La sua intenzione di raggiungere il suo ex appartamento era legata principalmente al giorno precedente, a quello che era avvenuto nell’obitorio e a ciò che ne era seguito. Dopo che Molly e Lestrade avevano informato i presenti di ciò che era accaduto al giudice Walker ben poche cose erano rimaste tranquille. Sherlock si era improvvisamente fatto serio, aveva raccolto quante più informazioni possibili e si era allontanato da solo, prendendo un taxi e dirigendosi da qualche parte, probabilmente con l’intenzione di rinchiudersi nel proprio Palazzo mentale il più a lungo possibile. John aveva quindi riaccompagnato a casa Emily – anche lei fattasi improvvisamente seria – solo per appurare che Sherlock non era rientrato nel proprio appartamento. Quando aveva lasciato il 221B due ore più tardi dell’amico non c’era ancora traccia. Non era rimasto sorpreso da quell’atteggiamento, conosceva Sherlock, tuttavia sapeva anche bene che le lunghe assenze dell’uomo erano legate a qualcosa in grado di tenere impegnata la sua mente e non sempre si trattava di un bene. In quel caso, poi, non poteva di certo esserlo. Erano trascorsi mesi dall’ultimo messaggio di Moriarty, dal video che aveva costretto Sherlock a fare ritorno a Londra meno di cinque minuti dopo il suo esilio, e l’omicidio di Walker poteva essere ben più serio e importante di quanto già non fosse.

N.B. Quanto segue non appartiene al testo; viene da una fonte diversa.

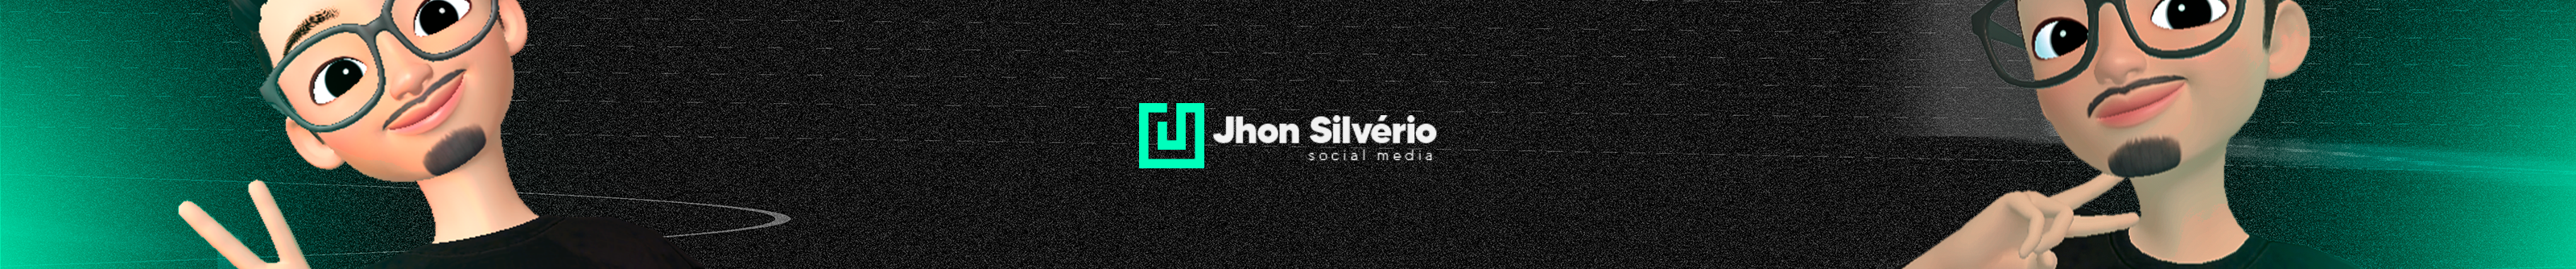 Profilbanneret til Jhon Silvério

John superò in fretta la porta d’ingresso, urlò un rapido saluto a Mrs. Hudson, dopodiché salì di corsa le scale ed entrò nel soggiorno di Sherlock. Trovò il detective fermo, seduto sulla sua poltrona, le gambe accavallate, le mani congiunte davanti alle labbra, gli occhi celesti fissi in un punto imprecisato; non spostò neanche lo sguardo quando sentì John e continuò a rimanere impassibile anche dopo. Il medico individuò Emily nella stanza, seduta sul divano con il portatile in grembo, intenta a scrivere qualcosa. Lei salutò l’ultimo arrivato con la mano, sorridendo. John le si avvicinò, sempre fissando Sherlock.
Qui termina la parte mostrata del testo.